* PROBLEM DESCRIPTION *
An exact transcription is needed of the lines below from the one with "Ciego vendedor de" through the one with "Roller skates book", with no other lines and no pictures.

* SUPPLIED INFORMATION *

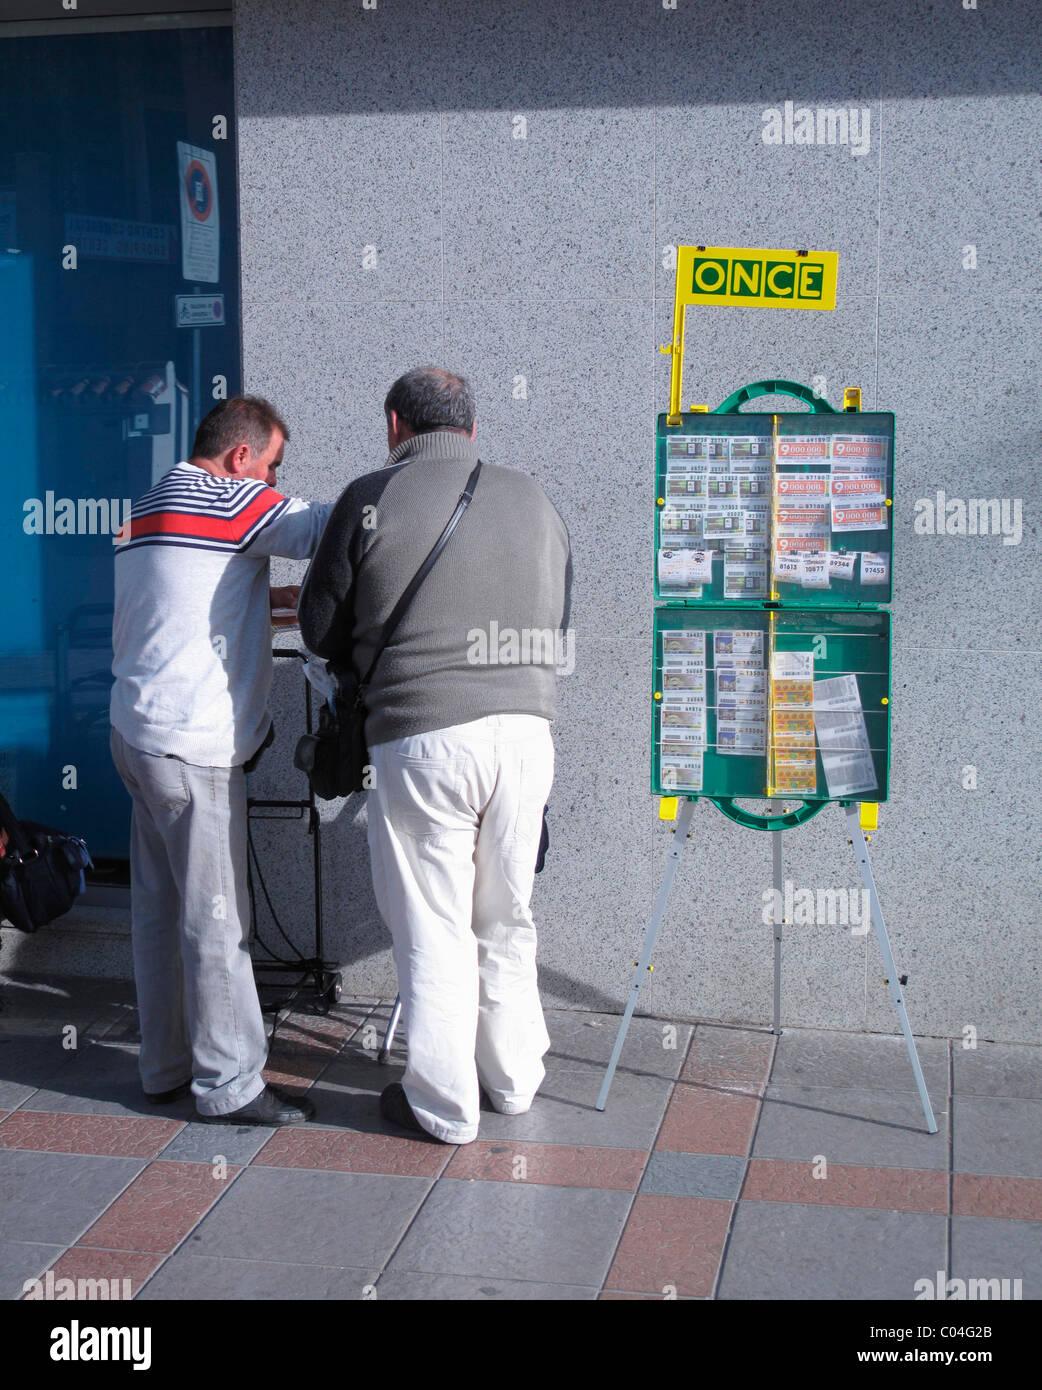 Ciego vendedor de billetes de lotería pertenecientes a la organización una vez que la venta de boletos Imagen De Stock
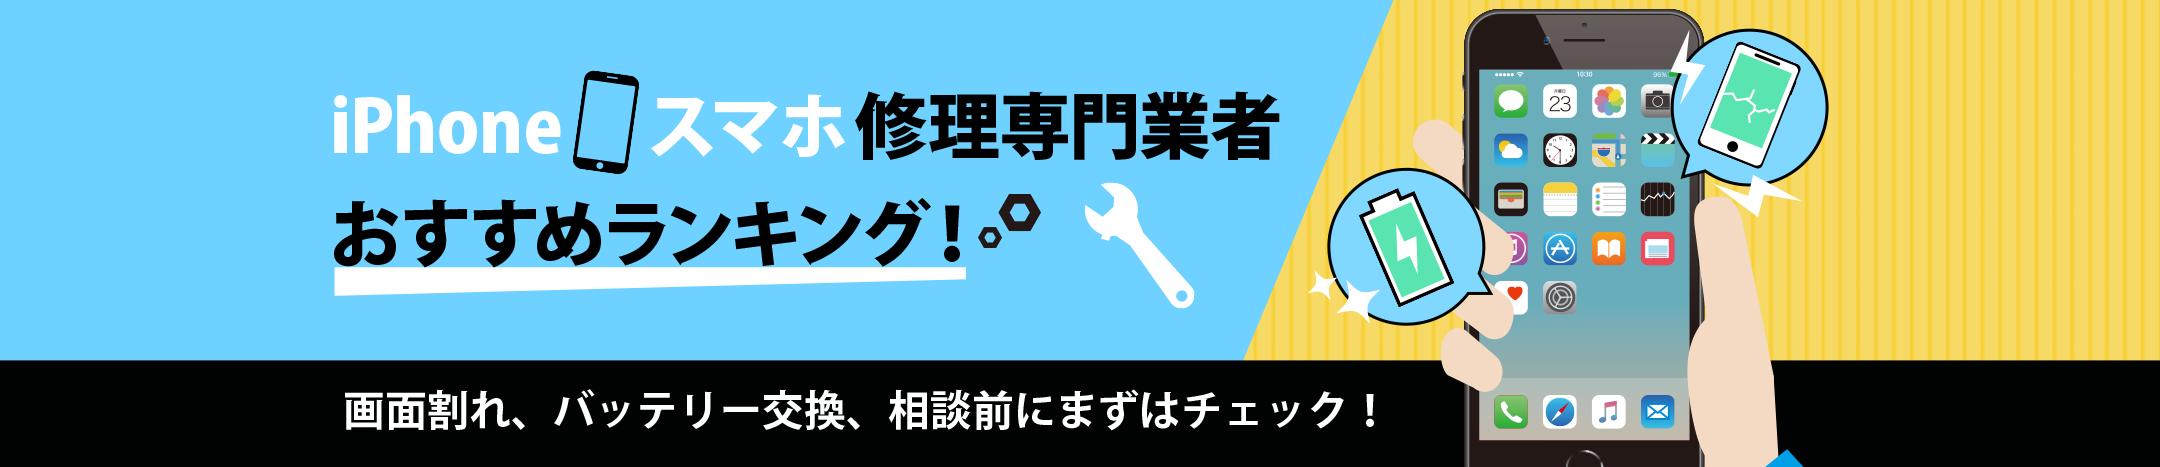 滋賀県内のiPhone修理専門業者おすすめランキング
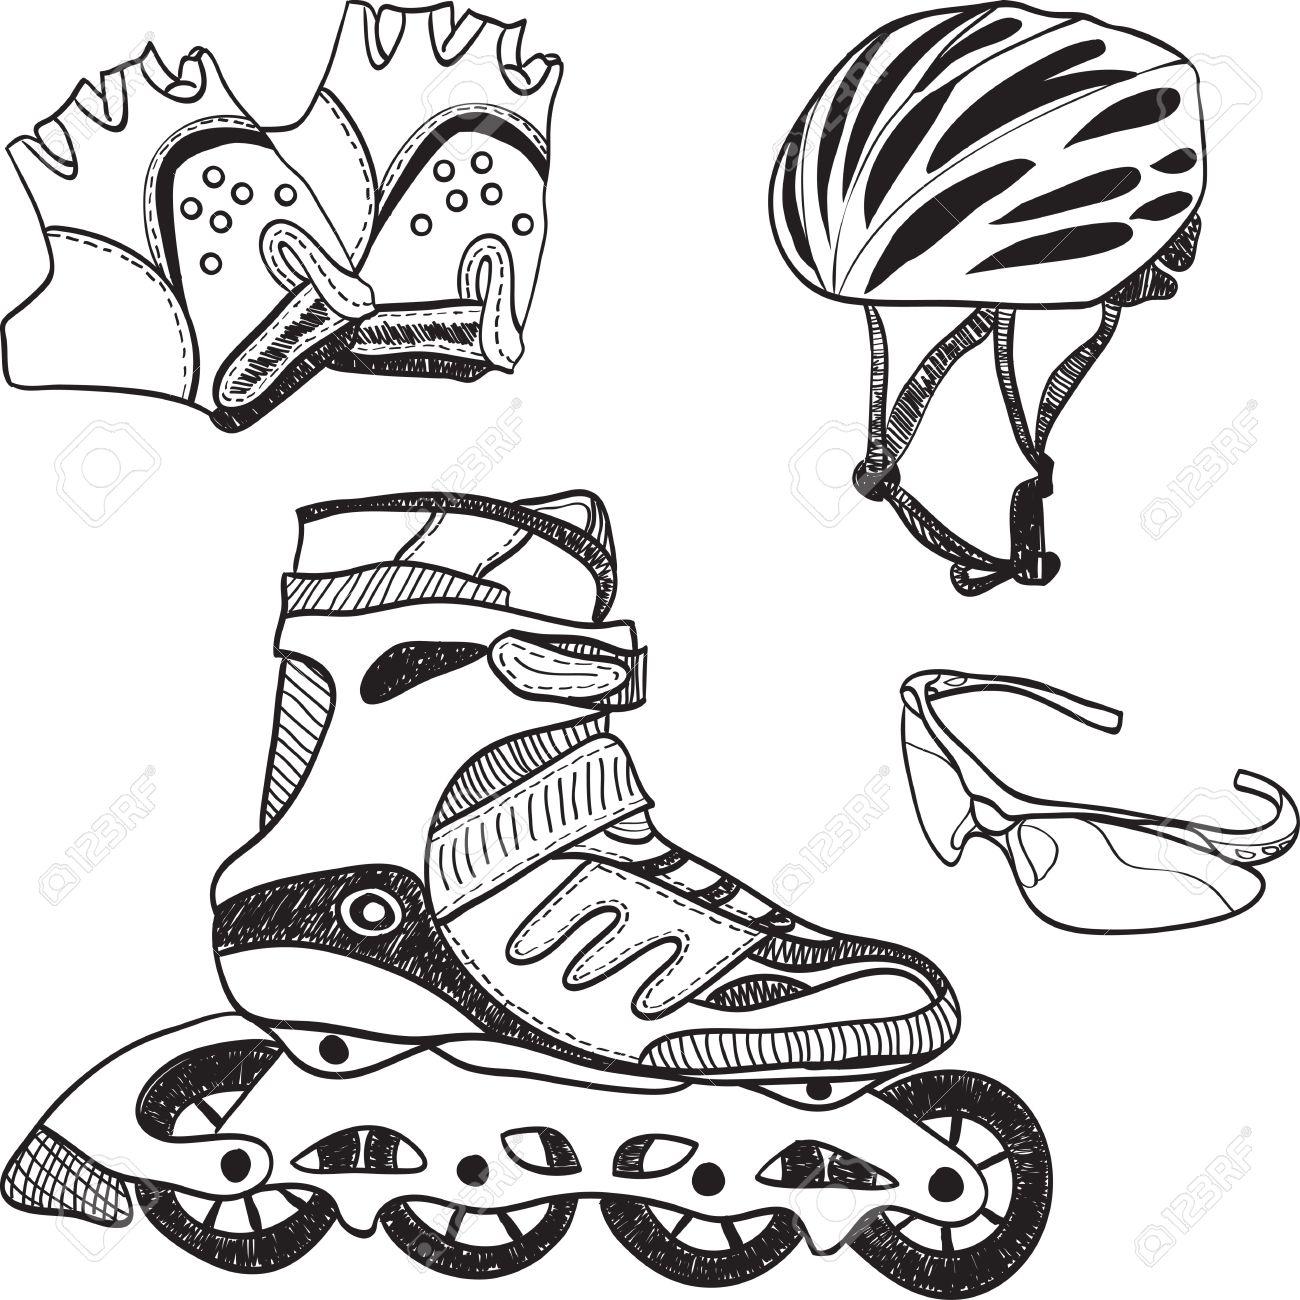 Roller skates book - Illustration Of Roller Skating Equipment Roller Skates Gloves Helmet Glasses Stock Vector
---
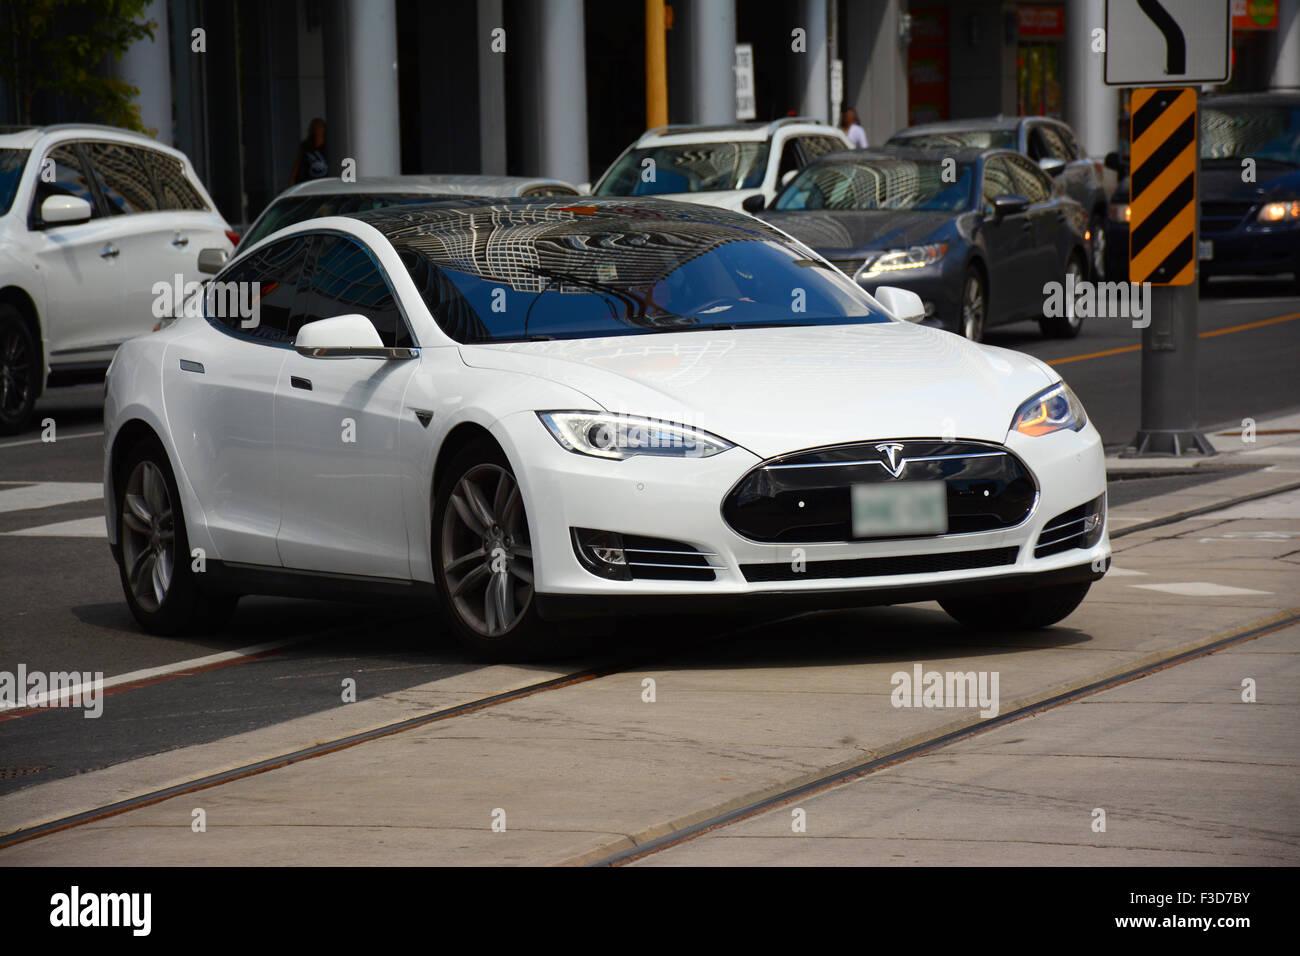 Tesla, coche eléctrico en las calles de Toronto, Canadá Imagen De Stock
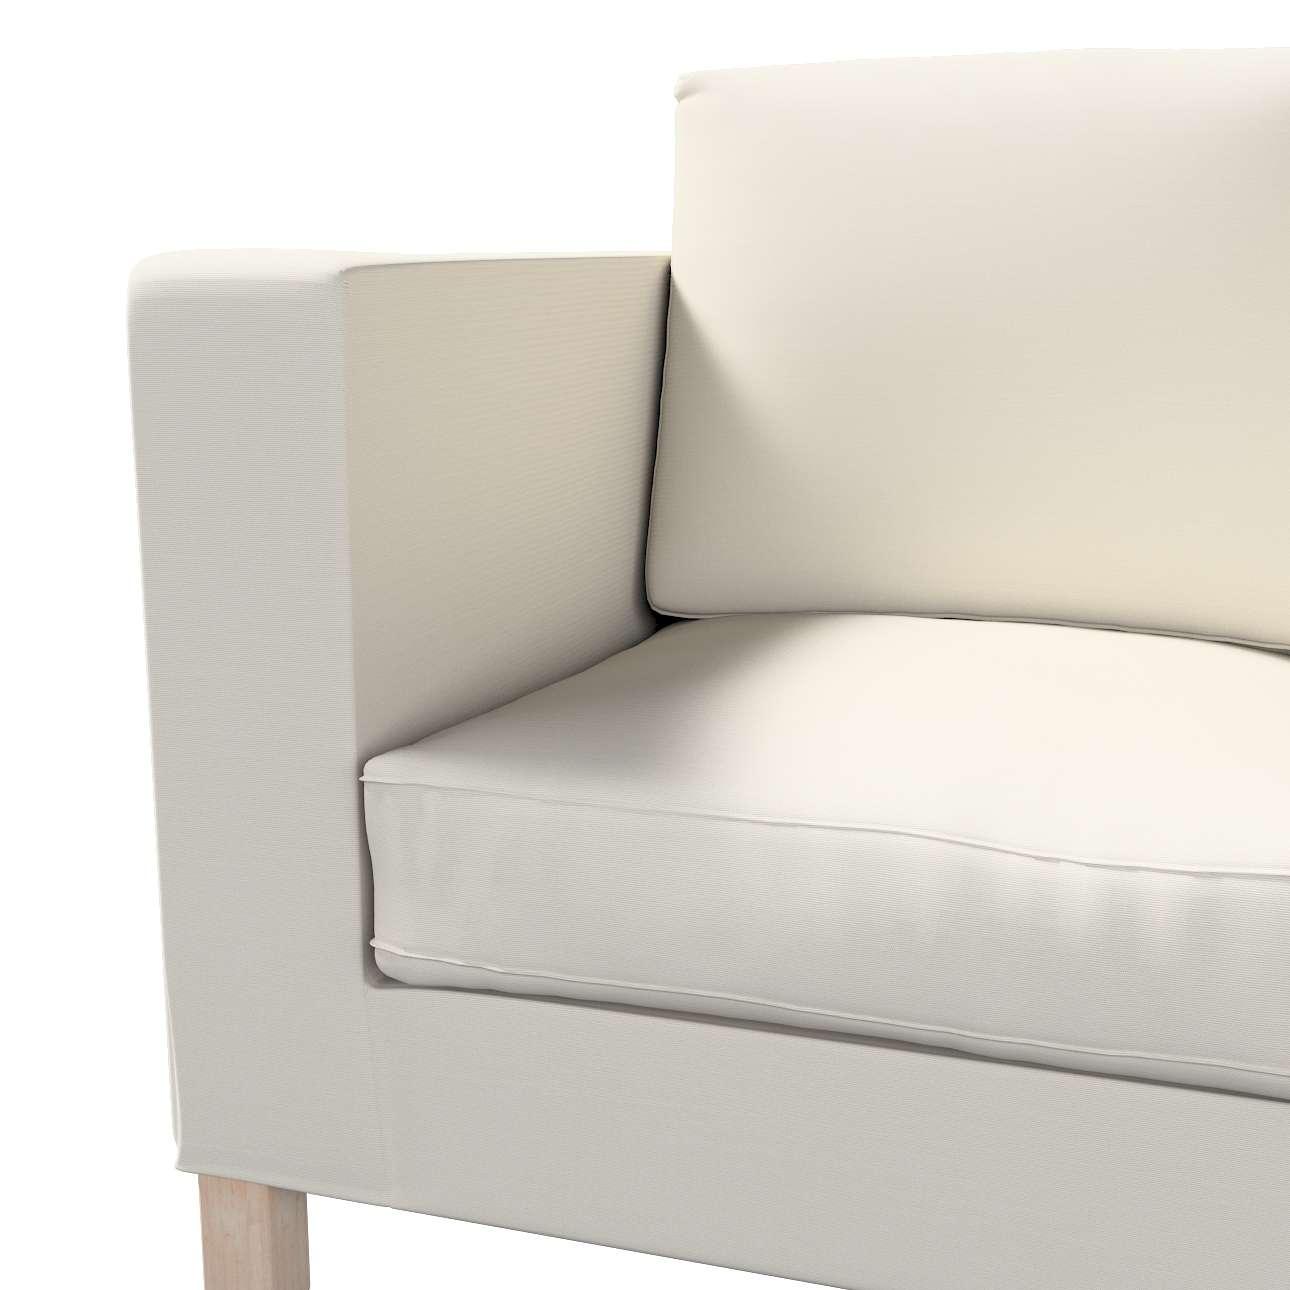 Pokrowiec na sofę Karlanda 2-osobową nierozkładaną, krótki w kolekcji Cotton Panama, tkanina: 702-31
--
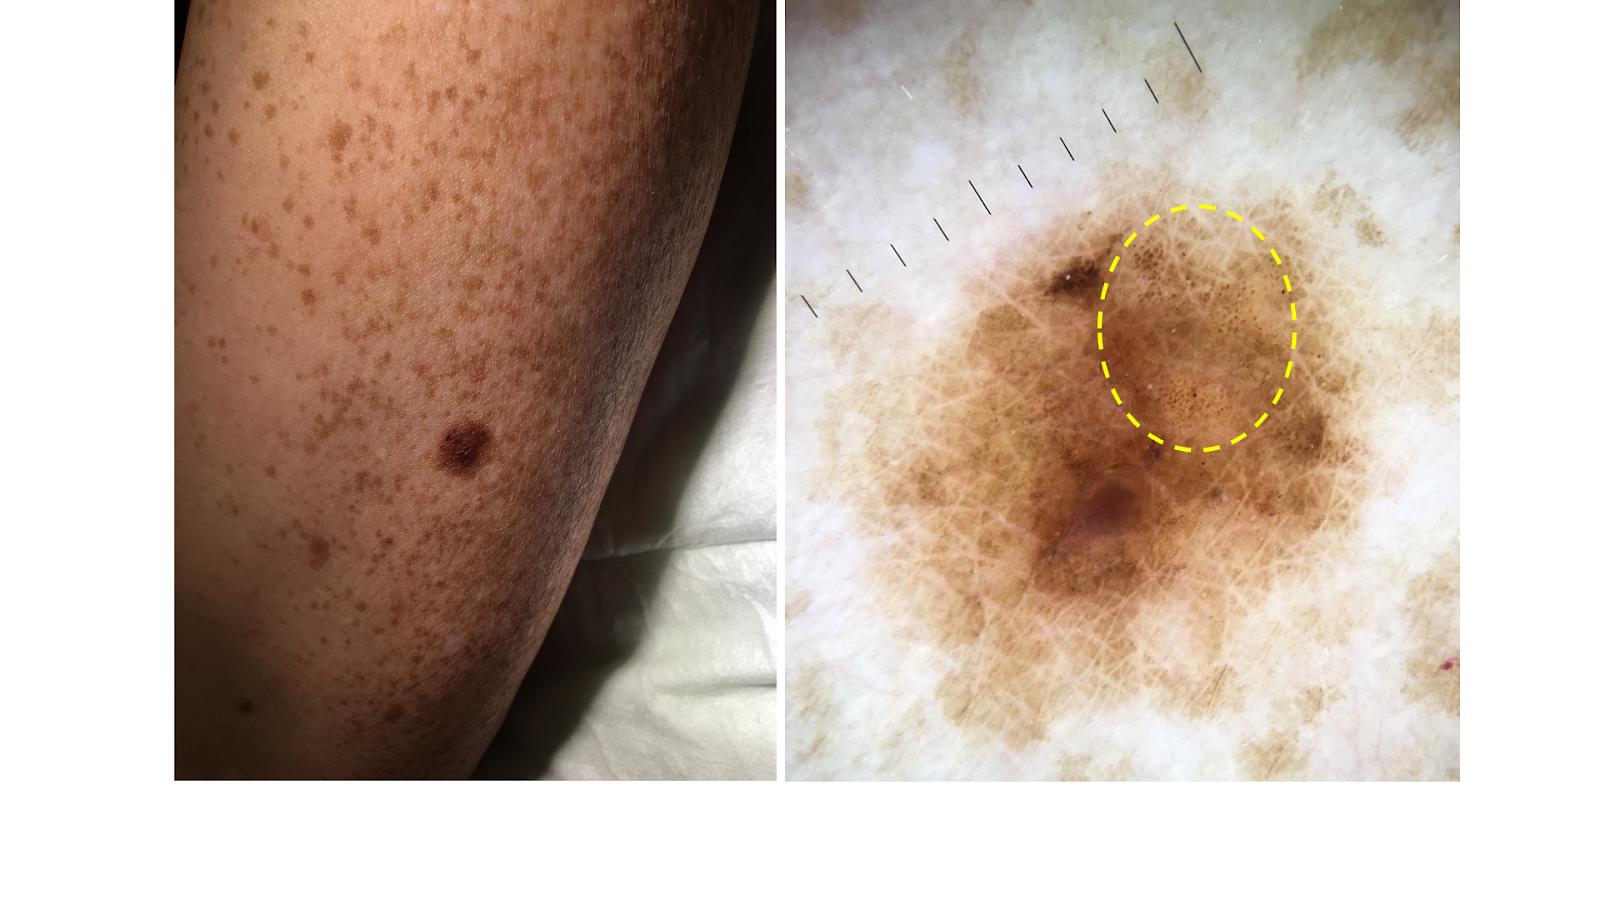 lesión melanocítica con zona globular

* ANSWER SPACE *
 Ciego vendedor de billetes de lotería pertenecientes a la organización una vez que la venta de boletos Imagen De Stock
 滋賀県内のiPhone修理専門業者おすすめランキング
 Roller skates book - Illustration Of Roller Skating Equipment Roller Skates Gloves Helmet Glasses Stock Vector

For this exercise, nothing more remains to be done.